The effects of meeting ‘being’ needs are predominantly positive in nature. Caregivers identify that they feel physically and mentally revitalised (Watts & Teitelman, 2005), enabling them to regain or maintain balance (Shim, Barroso, Gilliss, & Davis, 2013), and able to face the next challenge that they meet (Watts & Teitelman, 2005). These outcomes provide evidence that it is both possible and necessary to carve out opportunities for ‘being’, and doing so not only provides personal nourishment but also enables caregivers to sustain this role.
Becoming: Redefining self
Through becoming a caregiver, people experience a transformation from their former selves. They redefine their values and rethink their priorities (Hammell, 2009) in light of their new role. This evolution of occupational identity forms the notion of ‘becoming’ (Doble & Caron Santha, 2008). Embedded within this dimension is the process of change over time (Hammell, 2004) and a person’s sense of their future (Lyons, Orozovic, Davis, & Newman, 2002; Wilcock, 1998).
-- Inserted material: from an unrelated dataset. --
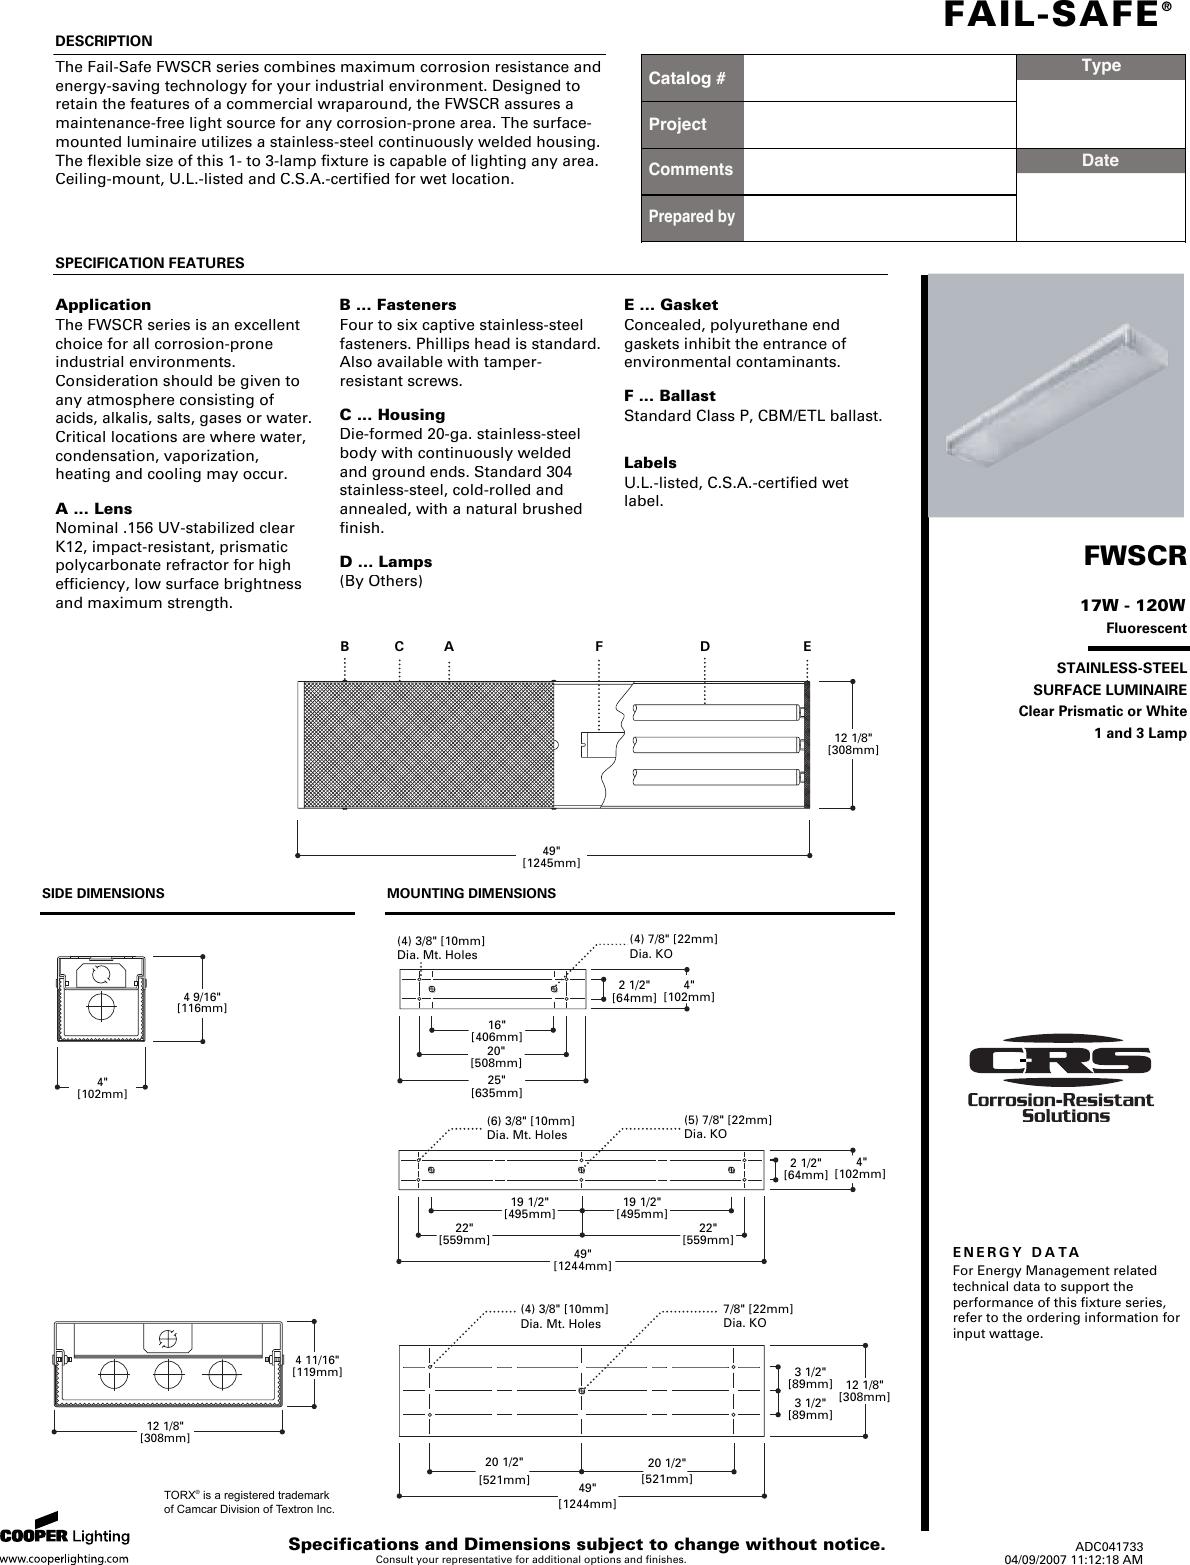 Cooper Lighting Fail Safe Fwscr Users Manual Annotatelumiere

The experiences of caregivers relating to the dimension of becoming are well represented throughout the literature reviewed, and three themes emerged: evolution of identity, transformation of life plans and seeking coherence.
Evolution of identity
Caregivers perceive a significant change in their personal identity. Many express that their former identity has been subsumed by that of ‘caregiver’ (O’Shaughnessy et al., 2010), with some experiencing difficulty in accepting this label, feeling as if it has been imposed upon them rather than adopted out of choice (Massimo et al., 2013).
A caregiver’s relational identity towards their loved one also becomes reconfigured. Spousal wives, in particular, identify that they experience a change in their identity from ‘wife’ to ‘mother’ (Ducharme et al., 2013). Some wives express that this identity change precipitates feelings of resentment towards their husband, especially if he continues to display sexual libido whilst being unable to fulfil his role as a husband in other aspects (Hayes et al., 2009; Valimaki et al., 2012). Younger spousal caregivers may experience a strong sense of lifespan displacement, feeling that they have been pulled prematurely into ‘old age’ (Ducharme et al., 2013; O’Shaughnessy et al., 2010), whilst adult child caregivers find themselves acting as a parent to their own parent (Kjallman-Alm et al., 2013).
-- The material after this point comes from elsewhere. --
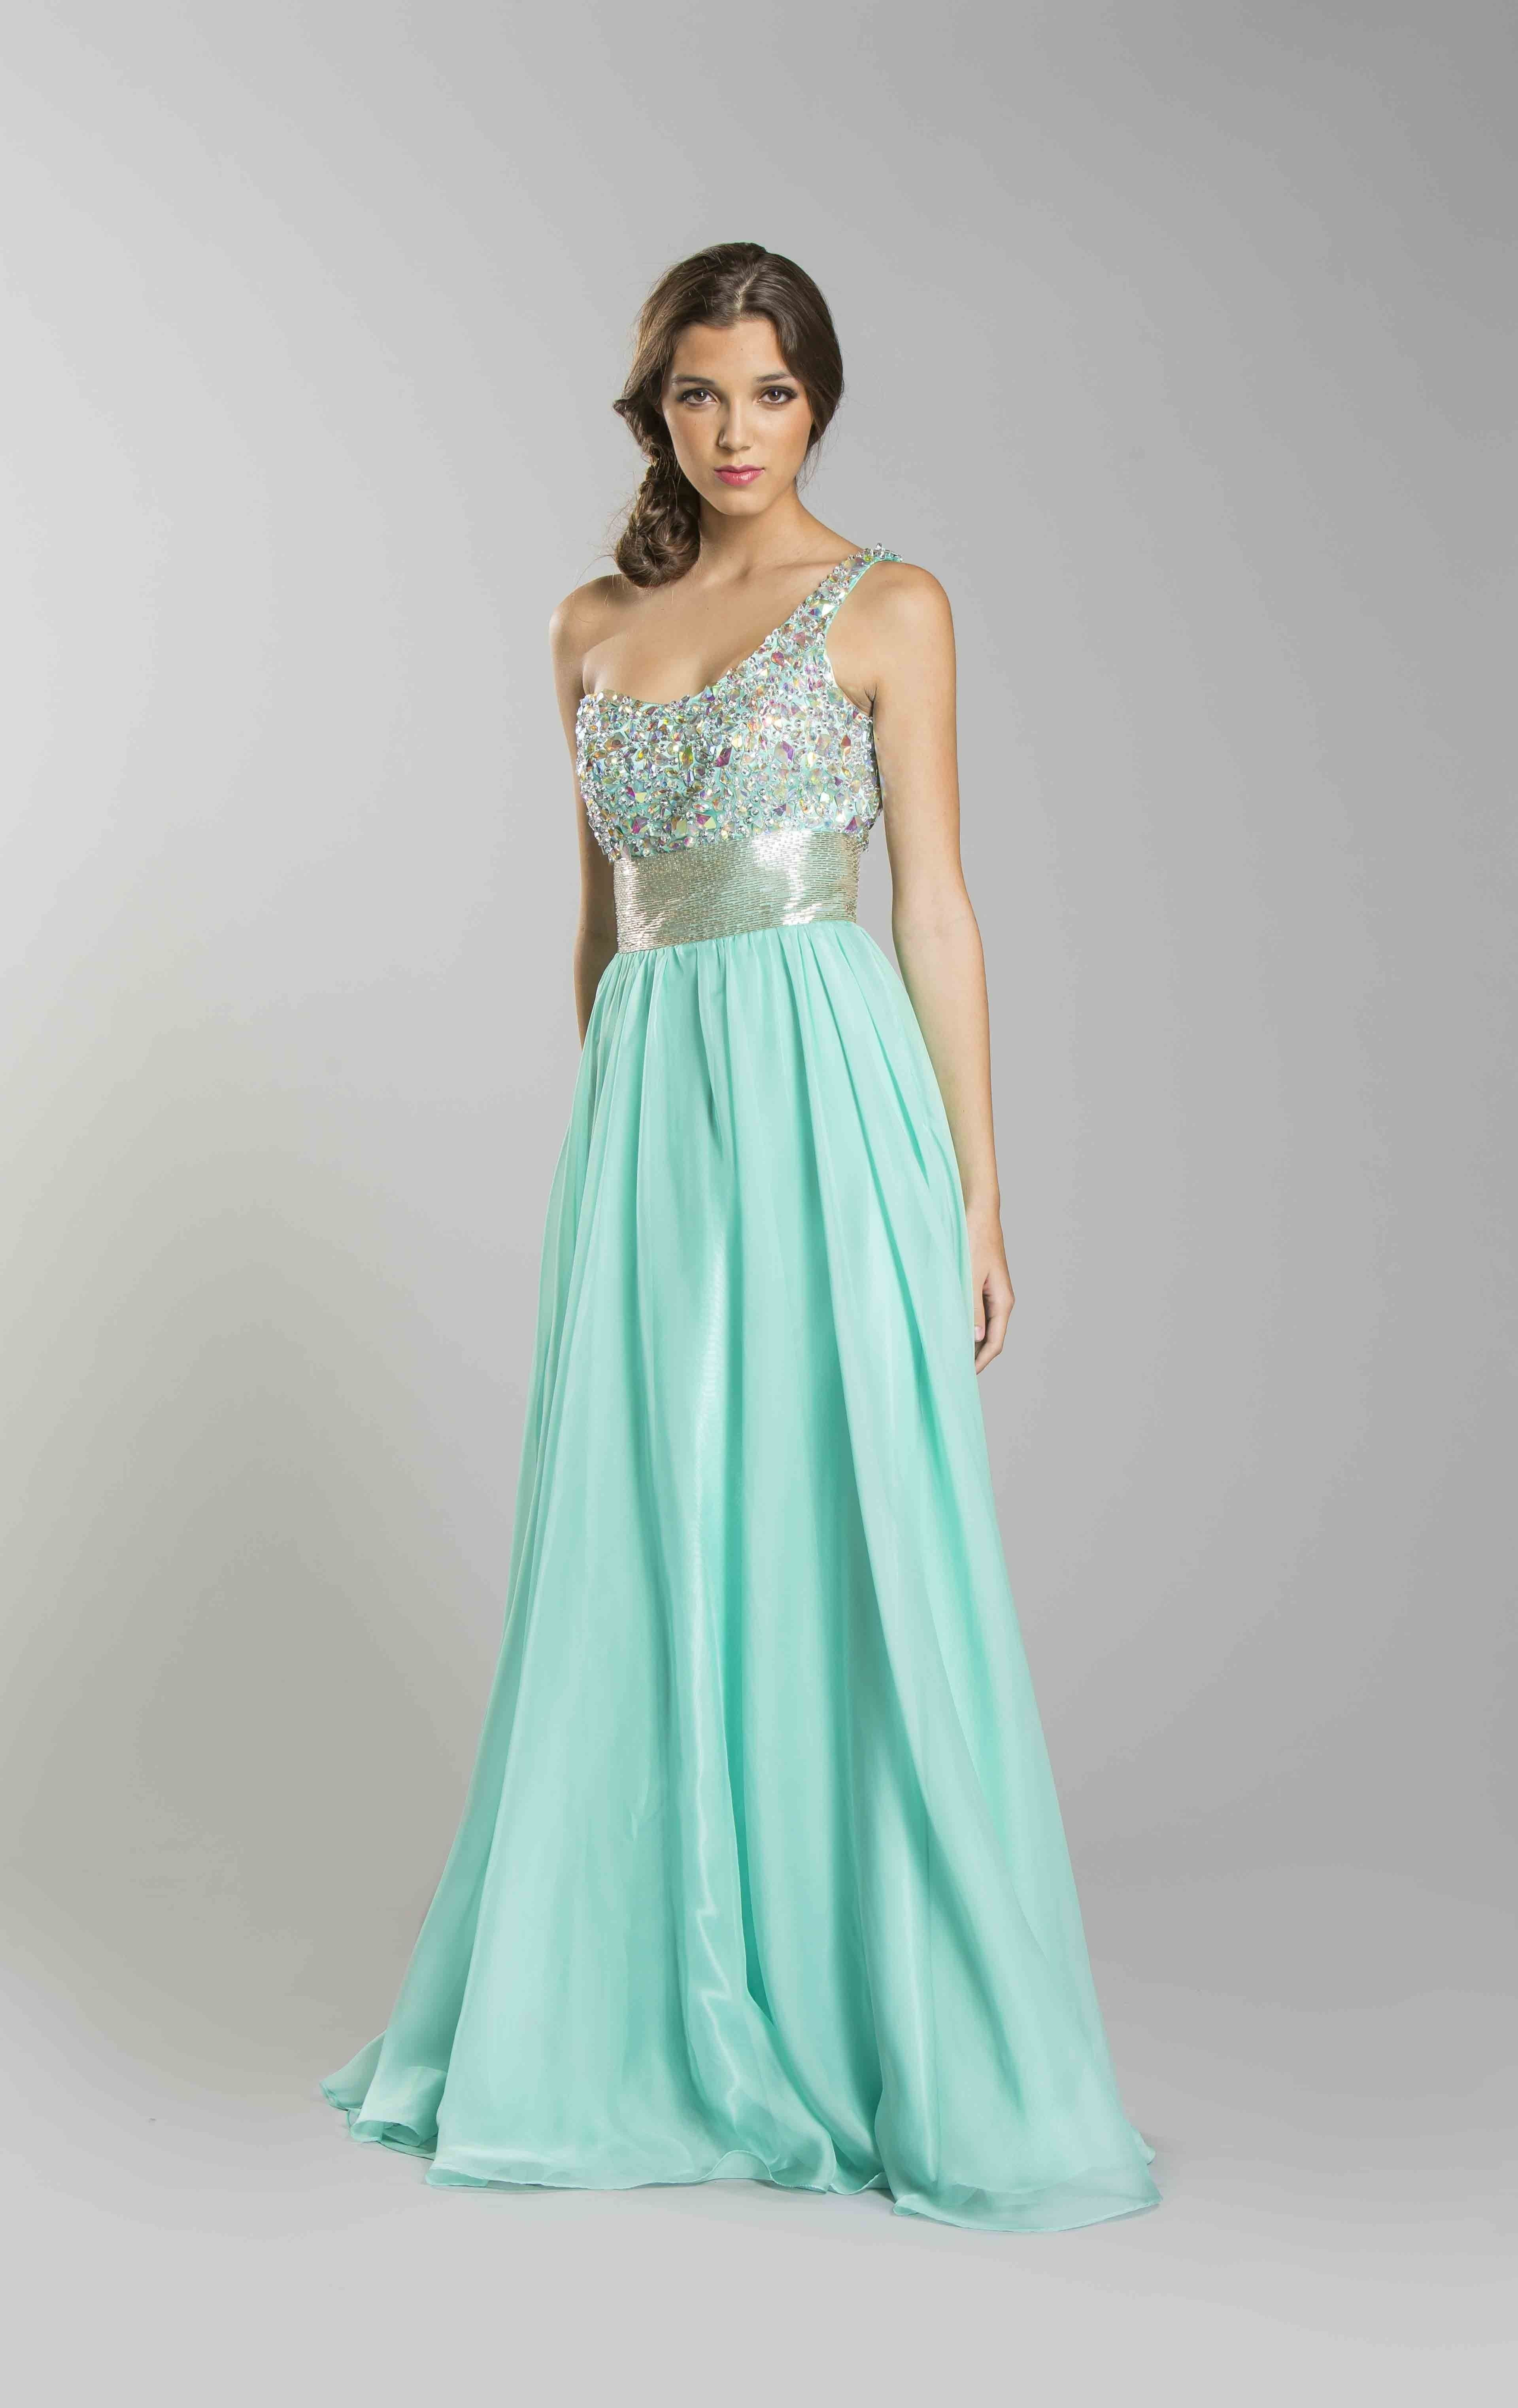 Long prom dress for short girl - Style Jeans

Caregivers may perceive a change in the fundamental identity of their loved one, viewing them as being a different person since the onset of dementia, whereas others continue to perceive them as being essentially the same person albeit with changes, signifying diversity of experience. Walters et al. (2010) provide useful insight into the impact of these differing perceptions, finding that caregivers who sought continuity were more able to manage change. This resonates with Hammell’s (2009) conceptualisation of continuity lying within the domain of ‘becoming’, and fostering wellbeing.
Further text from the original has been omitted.